Incidentally, if you happen to have VMware Workstation and VirtualBox installed on the one physical guest, make sure each uses a different isolated subnet, because they can’t both be configured to use the same one meaningfully! In other words, if I’ve created a 192.168.42.x host-only subnet in VMware, I’ll have to create a 192.168.43.x host-only subnet in VirtualBox. Networking won’t work reliably if you try assigning the same IP address to two different interfaces at the same time!
Once your network interfaces are configured properly, it’s simply a matter of choosing the right sort of networking for each new Virtual Machine that you build. In VMware, you do that as part of the ‘create new VM’ wizard:
By default, VMware threatens to create new VMs with a NAT interface, but it’s easy to switch to using a host-only one.
VirtualBox is not as easy, because the wizard you use to create a new VM doesn’t offer you any opportunity to specify anything about the network interface to use at all. It’s therefore necessary to create a new VM ‘blind’, and after it’s been created, right-click it and select Settings. Select the Network item on the left:
You’ll discover that, once again, a NAT interface has been assigned to your new VM by default. Just click that combo-box, though, and you’ll find an item for Host-only adapter. Select that, click OK, and you’re all done.

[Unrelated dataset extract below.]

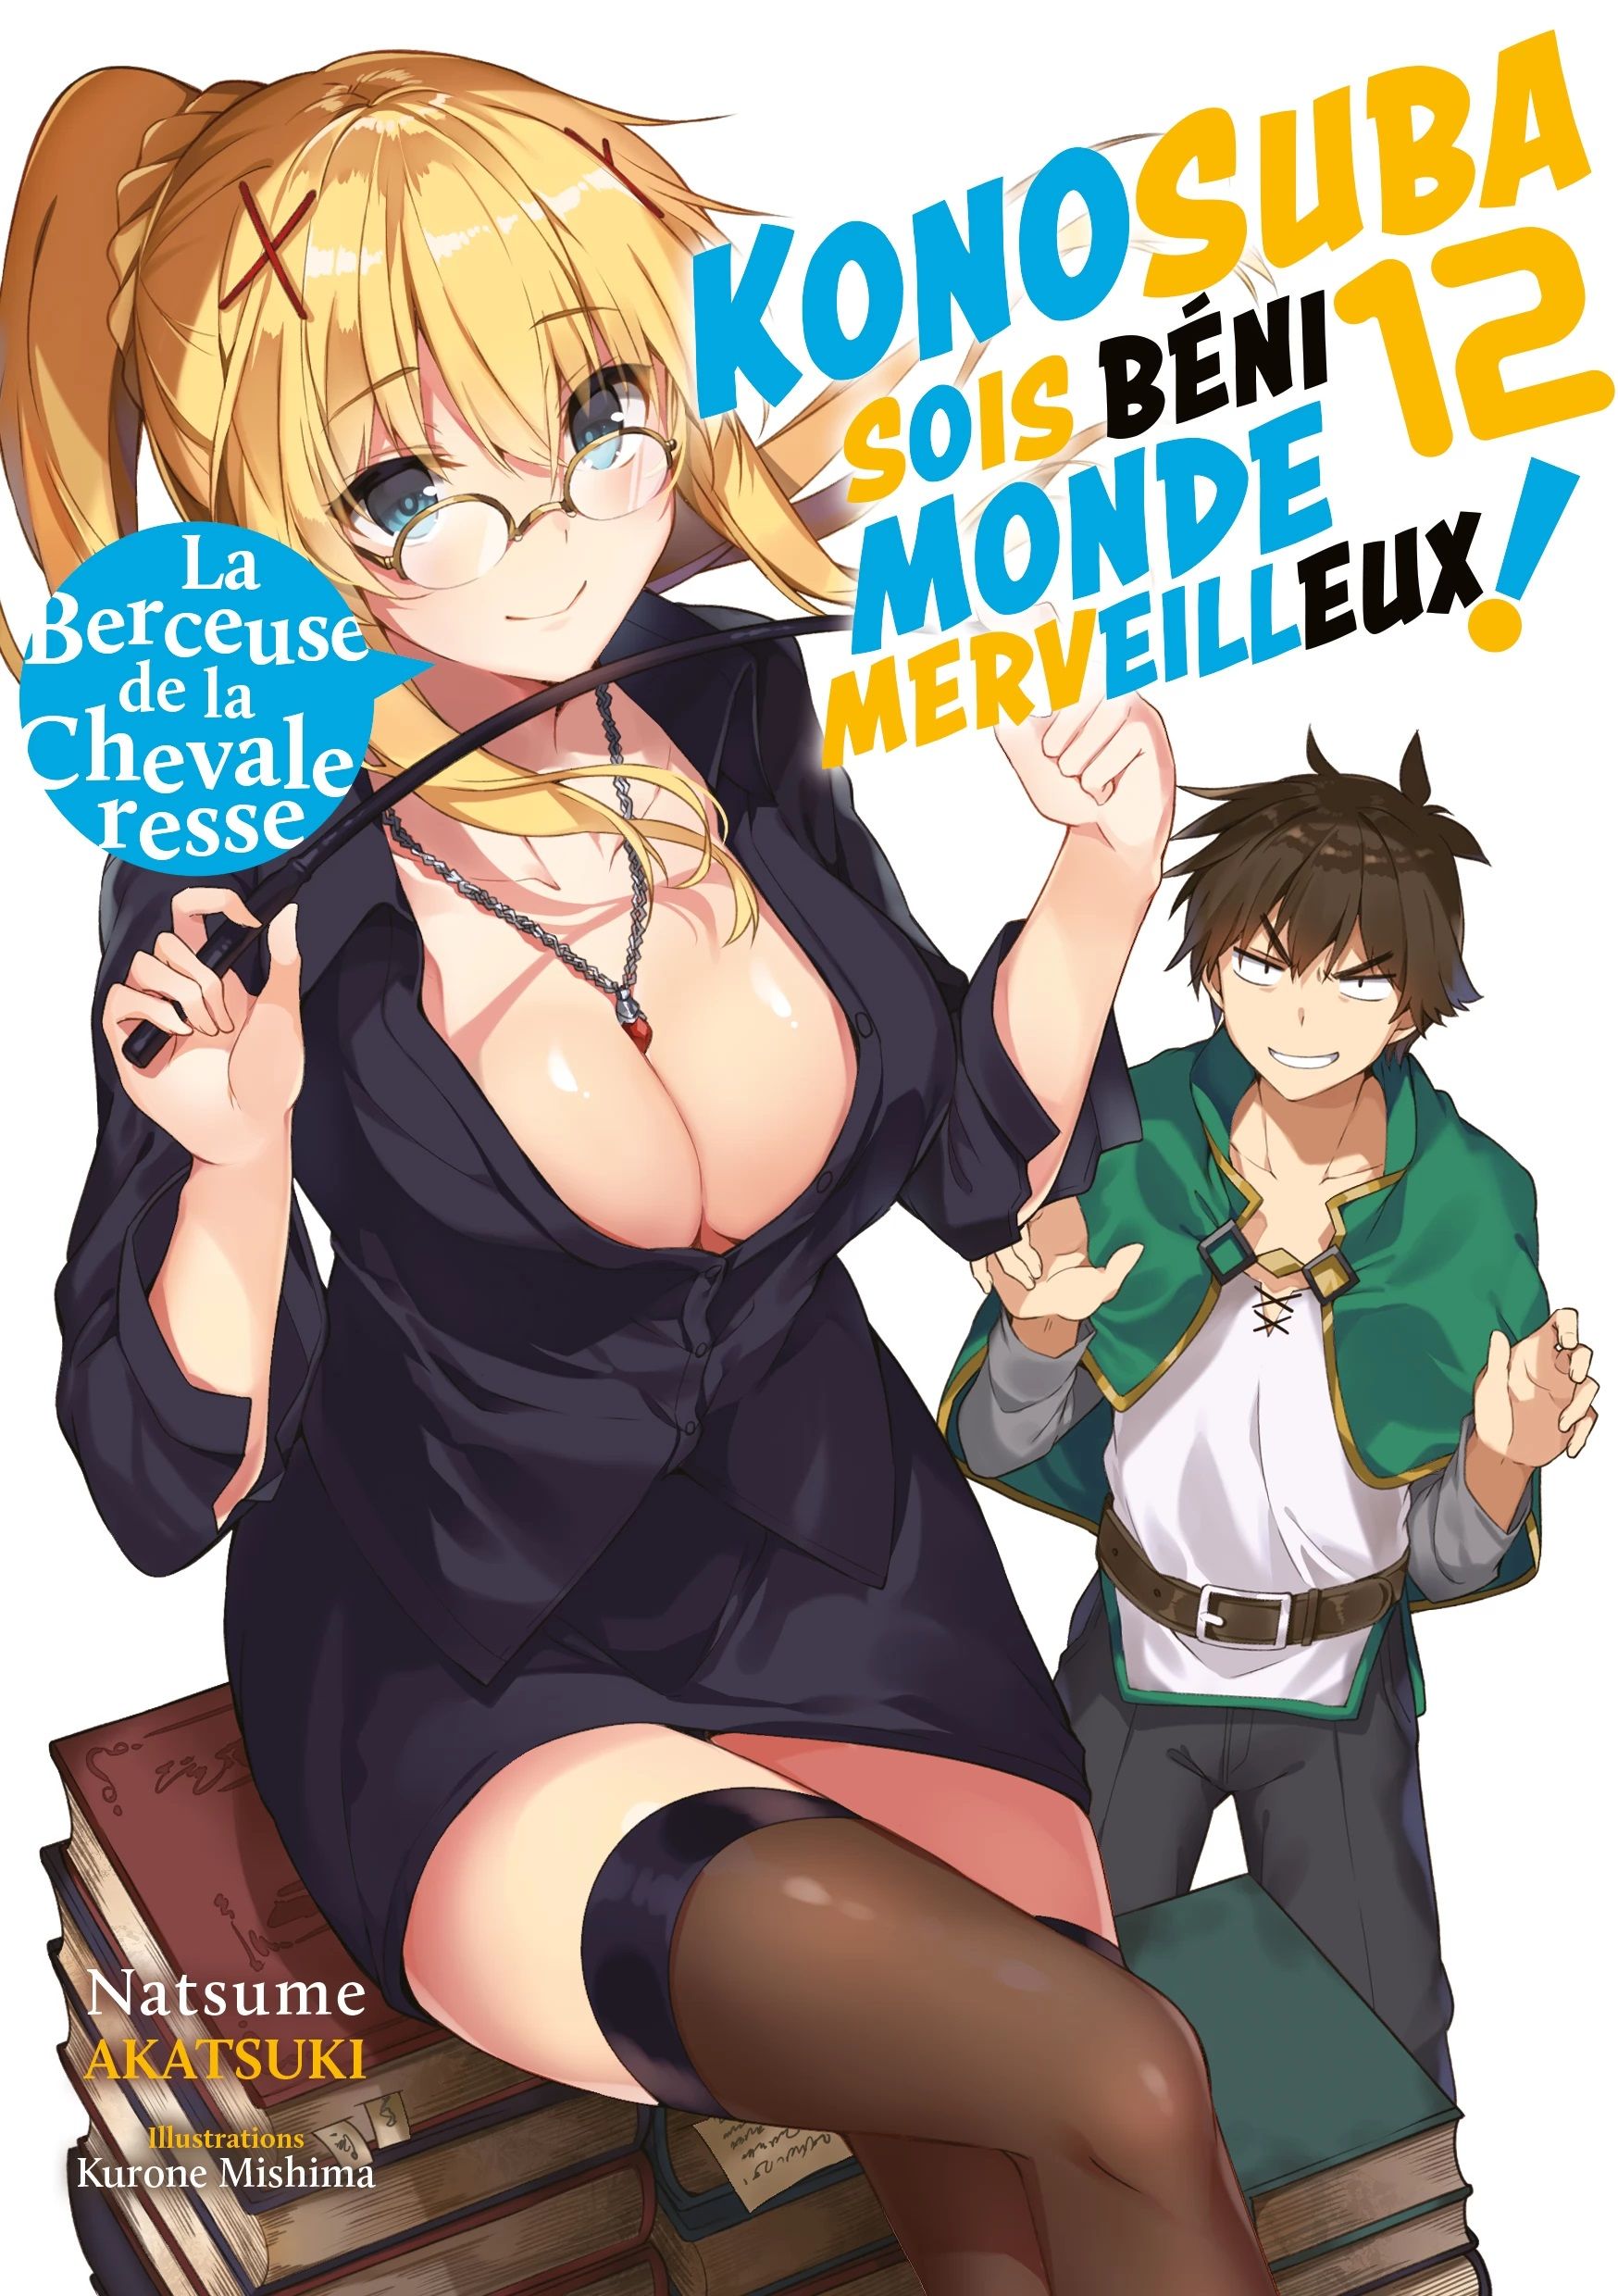 Konosuba - Sois Béni Monde Merveilleux - Light Novel Vol.12

Once built, you’ll find that all your host-only VMs can ping each other and your physical PC on which they’re running -but they won’t be able to ping beyond your physical PC. That means, in my case, that ALPHER and BETHE can ping each other, or MARCONI, TESLA or DIRAC (my physical PC). But they won’t be able to ping GALILEO -and since GALILEO controls access to the Internet, that means my host-only VMs can’t reach the Internet, either.
For my purposes, that’s fine: why would I need an Oracle server (say) to be able to access the Internet? You wouldn’t normally do that in production (I hope!), so having a set of servers that behave similarly is not a problem for me. It does mean I have to have one of my VMs hosting a software repository from which my other VMs can download packages and so on necessary for running Oracle (or anything else), but that’s usually not difficult to do.

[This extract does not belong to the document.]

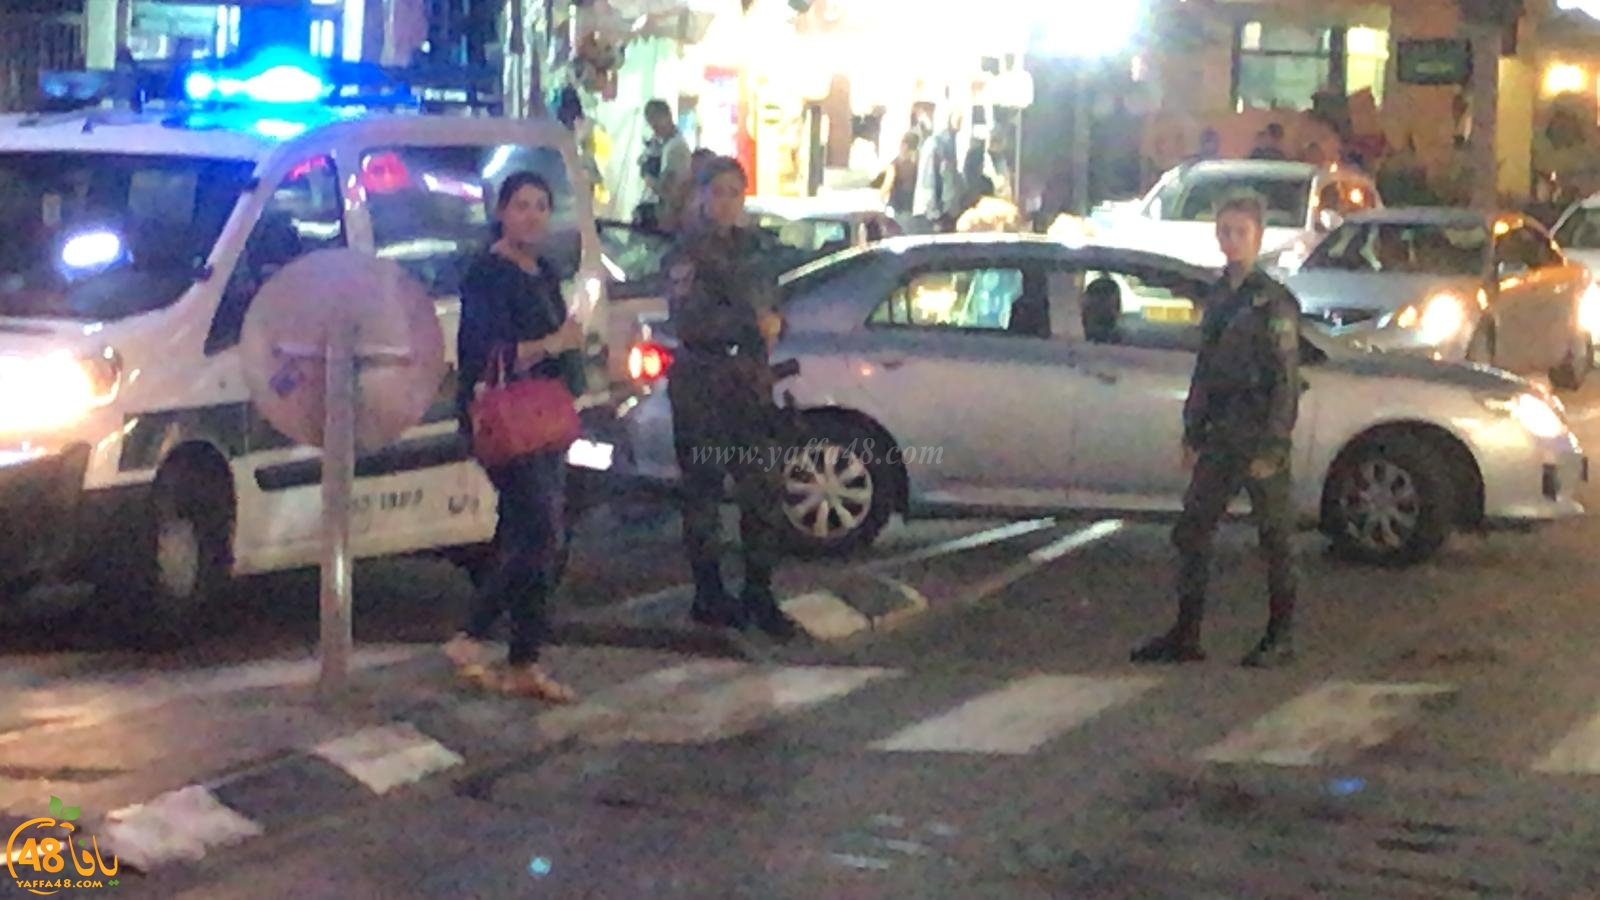  فيديو: إغلاق شارع ييفت بعد إلقاء زجاجة حارقة تجاه دورية للشرطة

The main issue is easily solved, therefore: host-only networking allows your virtual machines and all the networking services they provide and consume to be completely isolated from the rest of the world -and any real corporate networks your physical PC might be attached to at the time! Splendid!!
(Oh, and as a side benefit: my laptop will be able to run a virtual network of six VMs even when I’m running it on a train and it’s stuck in a tunnel without a 3G signal. The virtual network will keep running just fine, even if the physical one decides to die -or even if you don’t have a physical network at all. Host-only VMs are a great way of virtualising networks on standalone PCs, in other words).